First off, here are the two different formulations of the lasso:

$$ \text{minimize } ||\mathbf{y}-\mathbf{X}\mathbf{\beta}||_2+\lambda||\mathbf{\beta}||_1\text{ with respect to }\mathbf{\beta}\text{ for a given }\lambda\geq 0 \quad (6.7)$$ and $$ \text{minimize } ||\mathbf{y}-\mathbf{X}\mathbf{\beta}||_2\text{ with respect to }\mathbf{\beta}\text{ subject to }||\mathbf{\beta}||_1\leq s\text{ for a given }s\geq0\quad (6.8) $$

The 2-norm $||\cdot||_2$ of a vector is the sum of squared entries, the 1-norm $||\cdot||_1$ is the sum of absolute entries.

On to your questions:

  1. How do $\lambda$ and $s$ hang together?

    There is a one-to-one relationship between the two, in the following sense: for every $\lambda$, there is one $s$ such that the minimizer $\mathbf{\beta}$ of (6.7) for $\lambda$ is equal to the minimizer of (6.8). And vice versa. (Note that the relationship is not unique, see below.)

    One interesting boundary case is that $\lambda=0$ (no lasso penalty), which leads to the OLS estimate of $\mathbf{\beta}$ (assuming your design matrix $\mathbf{X}$ is of full rank), corresponds to $s=\infty$ (no constraint on the parameter estimates). If you are uncomfortable with $s=\infty$, just take $s$ to be any number larger than the 1-norm of the OLS estimate of $\mathbf{\beta}$.

  2. Why are the two formulations equivalent?

    This derivation is usually not given in standard statistics/data science textbooks. Most people just accept this fact. I don't think it is formally proven even in the original lasso paper by Tibshirani (1996), but it does not seem to be very hard. Starting with (6.7), pick a $\lambda$, find the optimal $\mathbf{\beta}$ in (6.7), use the 1-norm of this estimate for $s$ in (6.8) and argue that you won't find a better solution to (6.8) with smaller 1-norm. And vice versa. A rigorous proof would probably be a nice exercise for an undergraduate math student.

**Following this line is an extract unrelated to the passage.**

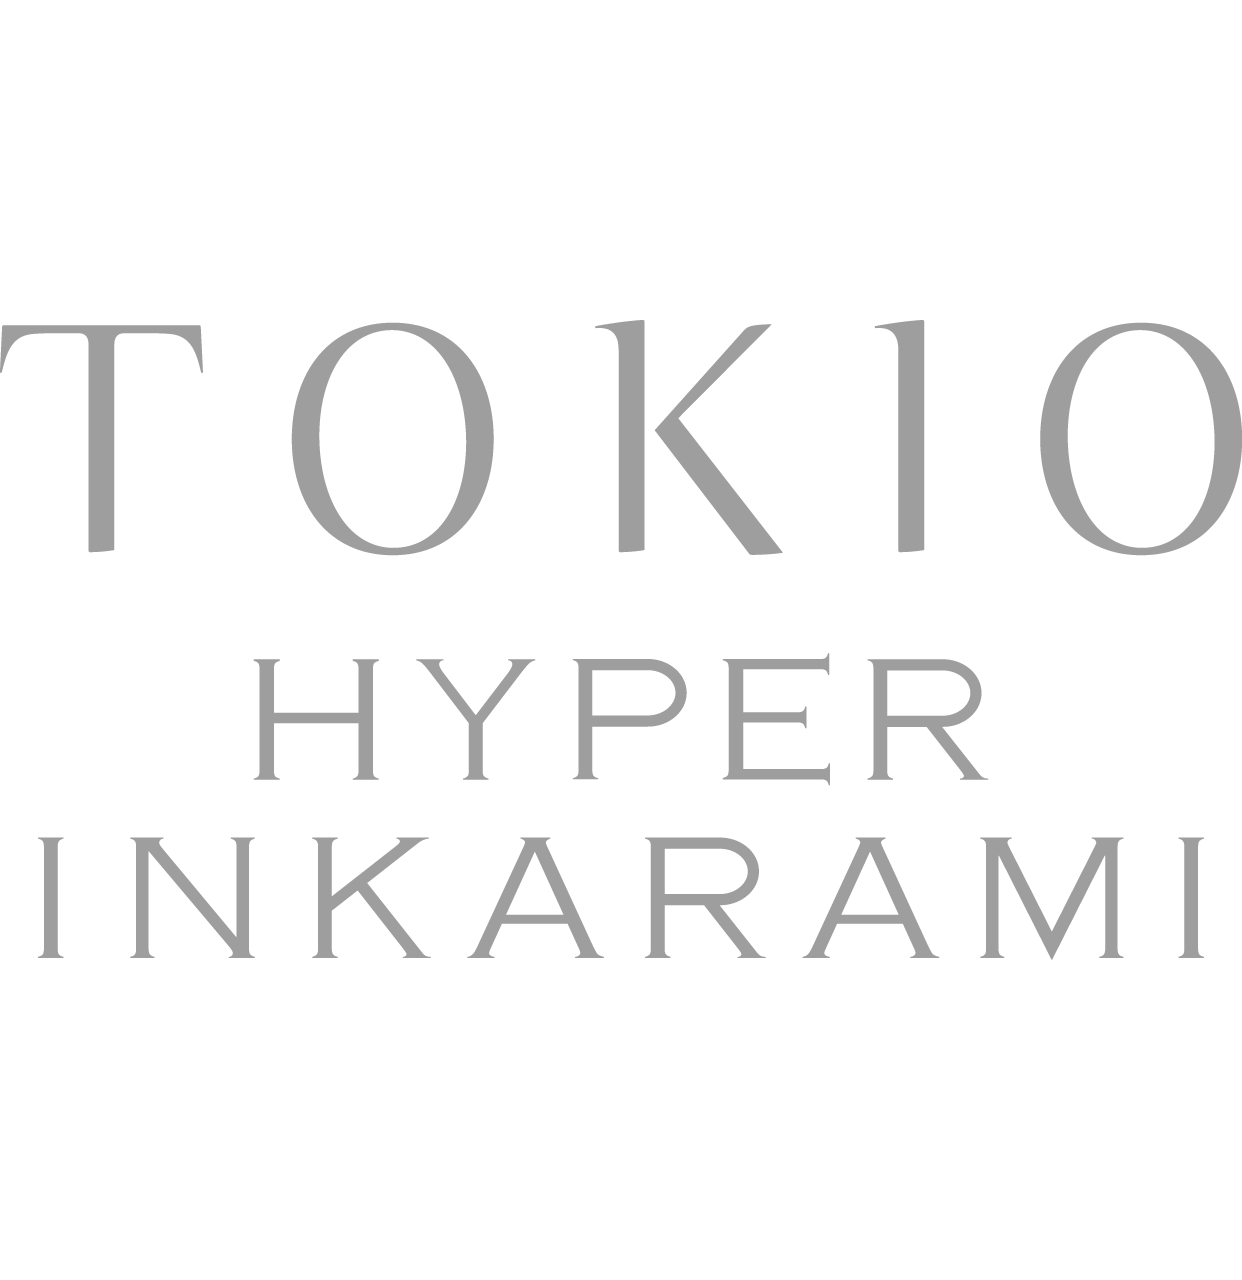 TOKIO HYPER INKARAMI

  3. How do we choose $\lambda$ (or equivalently $s$)?

    The algorithm usually used to fit a lasso model will give you an entire sequence of parameter coefficient vectors, one for each one of multiple values of $\lambda$ (e.g., Figure 6.6 in ISLR). You can then choose one. This is often done via cross-validation using some accuracy measure, and in fact, your software may already perform this cross-validation internally and just report the optimal $\lambda$.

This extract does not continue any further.